Would you retype the whole listing exactly, leaving its pictures out?

▸ Provided data
++++++

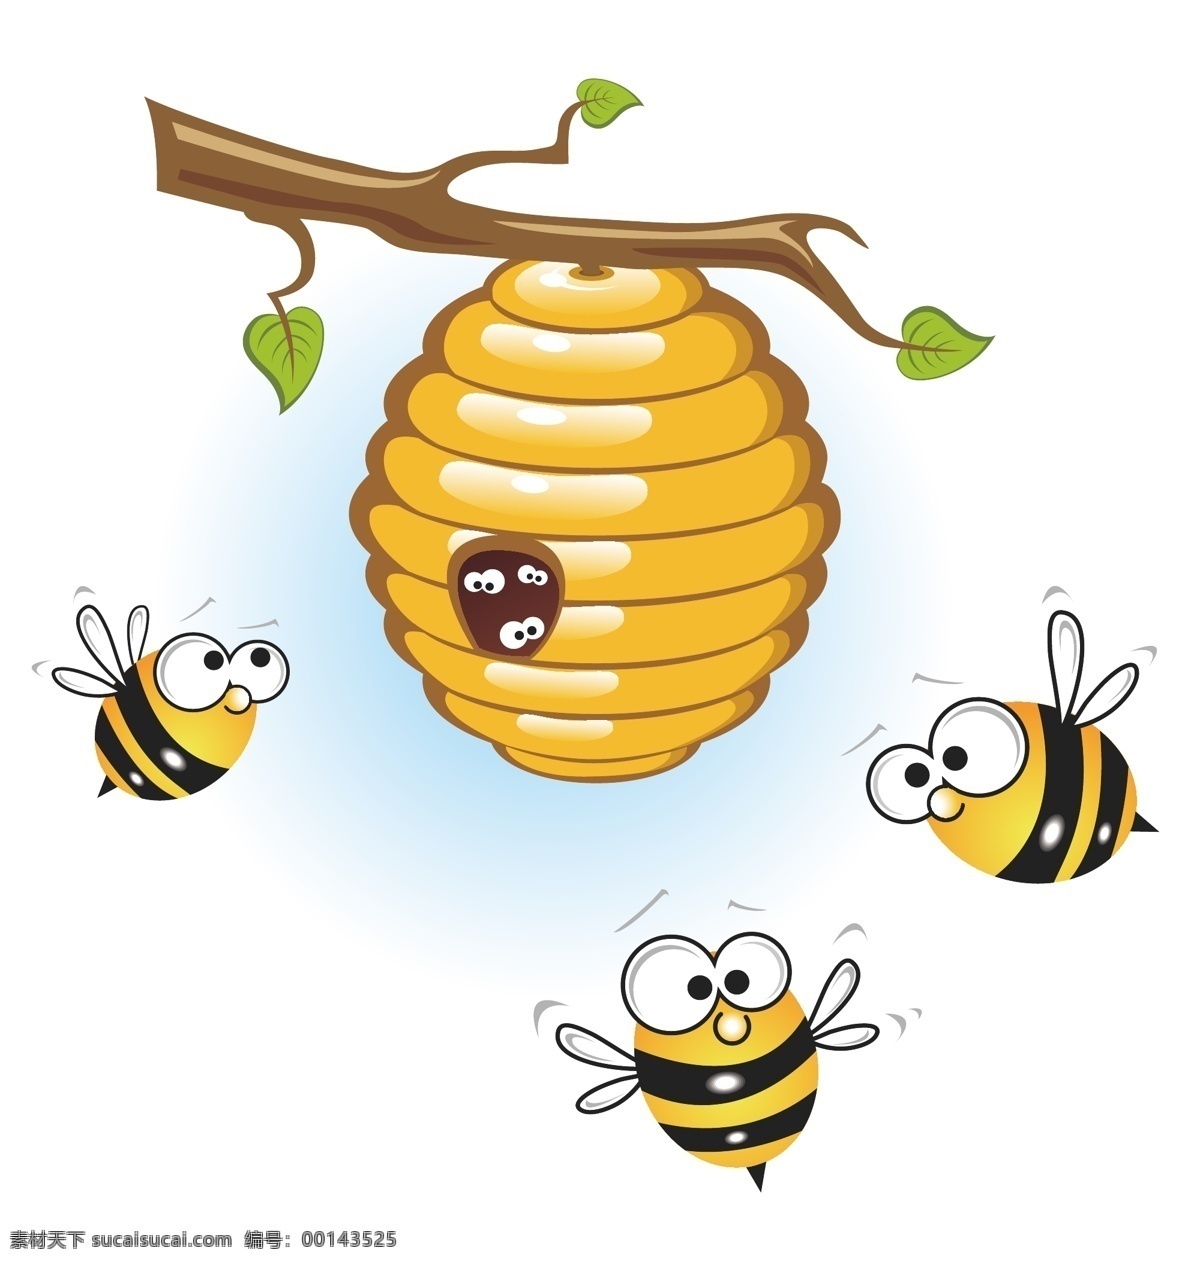 蜂蜜海报 蜂蜜展板 蜂蜜广告 蜂蜜美食漫画 蜜蜂图片 蜂蜜模板 蜂蜜制作 蜂蜜工艺 蜂蜜包装 蜂蜜展架 野生蜂蜜 天然蜂蜜 土蜂蜜 蜂蜜插画 蜂蜜文化 蜂蜜图片 蜂蜜养殖 蜂蜜设计 蜂蜜产品 蜂蜜礼品盒 蜂蜜制作工艺 蜂蜜素材 蜜蜂 蜜蜂养殖 蜂王浆 蜂蜜 王浆 蜂蜜标签 蜂蜜瓶贴 蜂蜜图
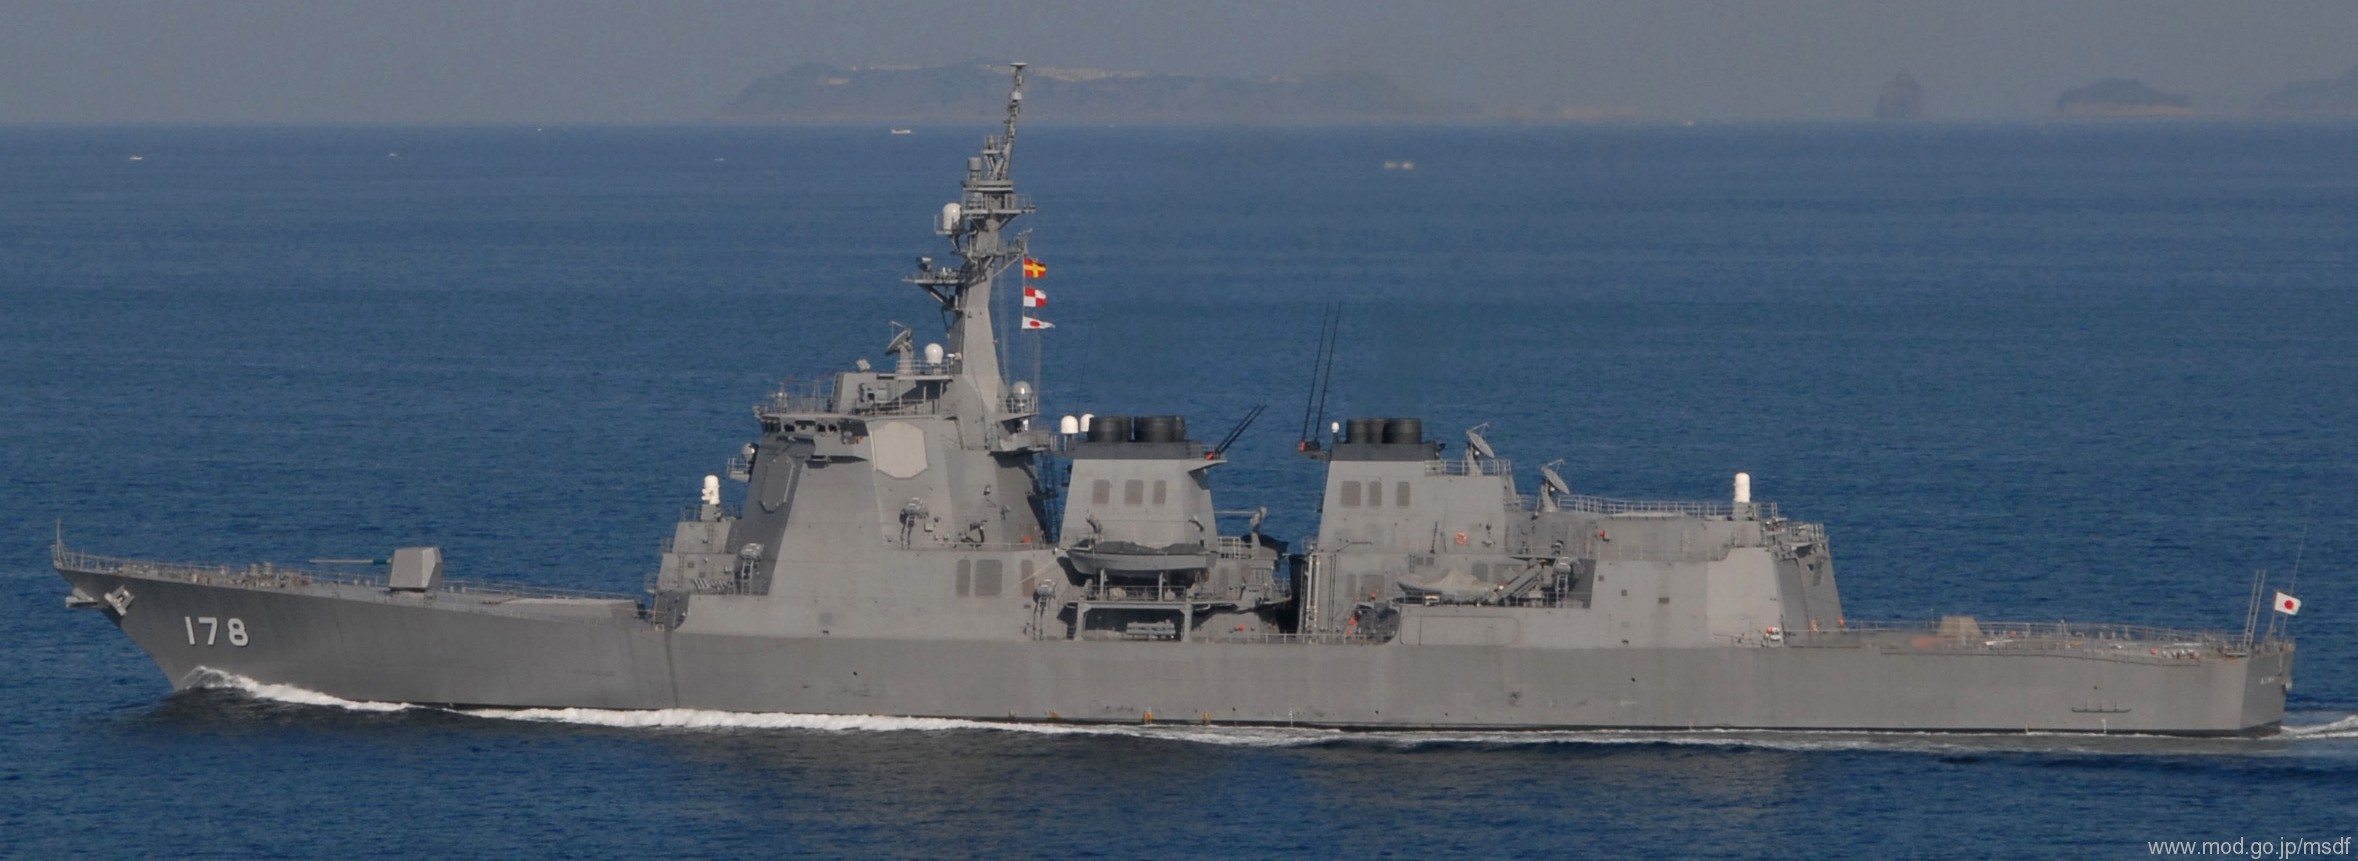 ddg-178 jds ashigara atago class guided missile destroyer japan maritime self defense force jmsdf 04
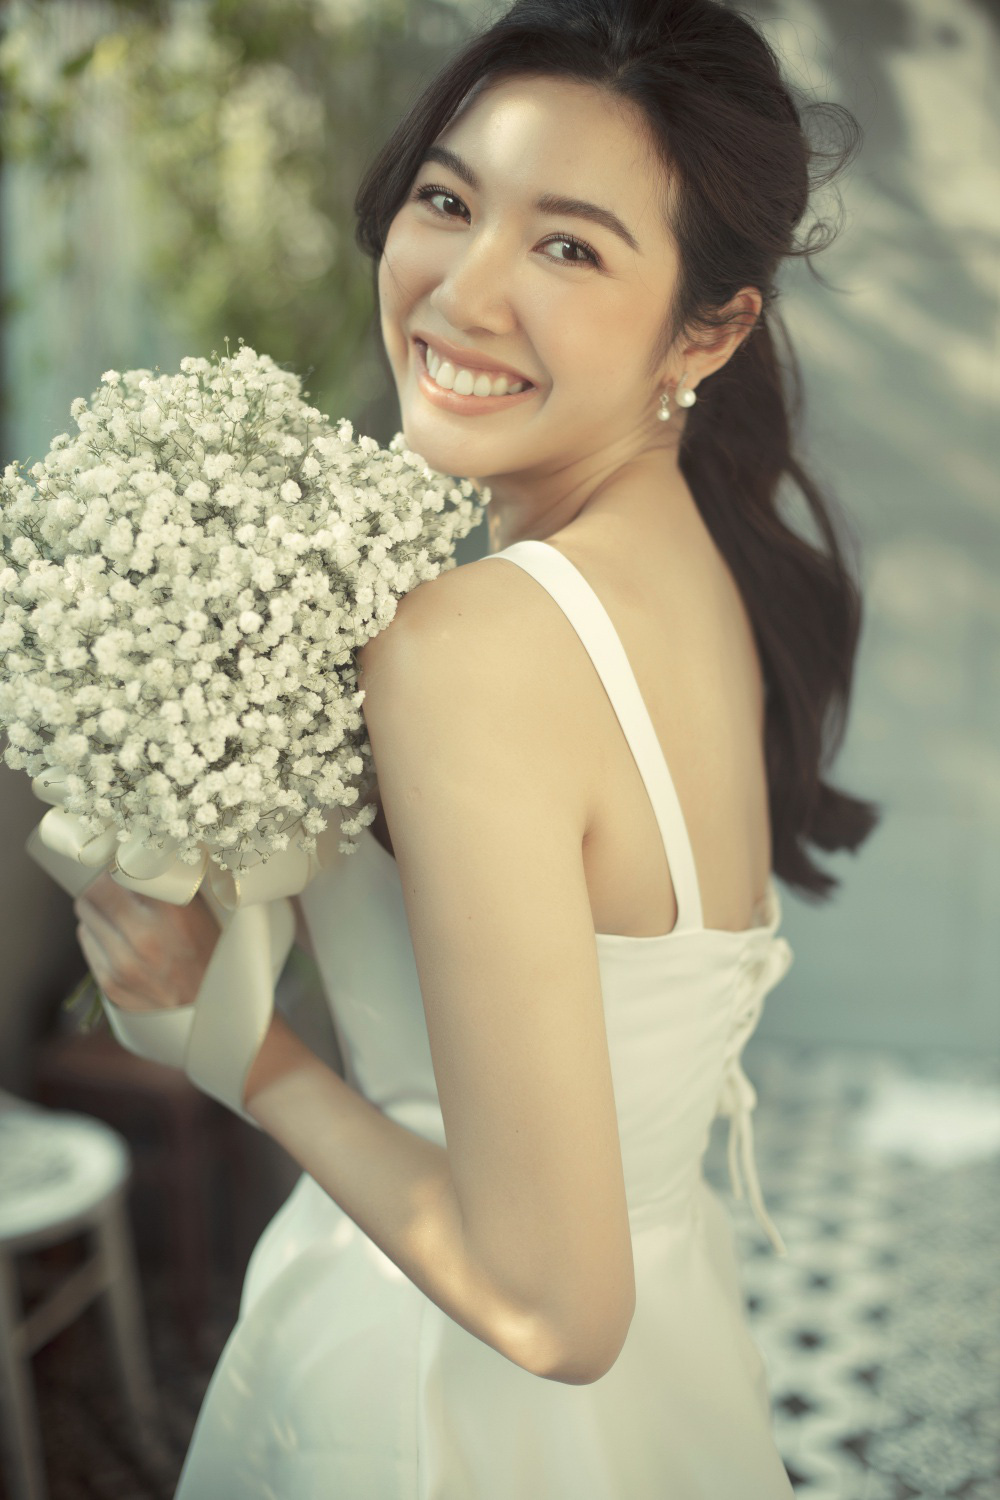 Á hậu Thúy Vân mặc váy cưới xinh đẹp như công chúa, dự định tổ chức tiệc cưới riêng tư trong 2 tháng tới - Ảnh 4.

++++++

▸ Answer area
 蜂蜜海报 蜂蜜展板 蜂蜜广告 蜂蜜美食漫画 蜜蜂图片 蜂蜜模板 蜂蜜制作 蜂蜜工艺 蜂蜜包装 蜂蜜展架 野生蜂蜜 天然蜂蜜 土蜂蜜 蜂蜜插画 蜂蜜文化 蜂蜜图片 蜂蜜养殖 蜂蜜设计 蜂蜜产品 蜂蜜礼品盒 蜂蜜制作工艺 蜂蜜素材 蜜蜂 蜜蜂养殖 蜂王浆 蜂蜜 王浆 蜂蜜标签 蜂蜜瓶贴 蜂蜜图
 ddg-178 jds ashigara atago class guided missile destroyer japan maritime self defense force jmsdf 04
 Á hậu Thúy Vân mặc váy cưới xinh đẹp như công chúa, dự định tổ chức tiệc cưới riêng tư trong 2 tháng tới - Ảnh 4.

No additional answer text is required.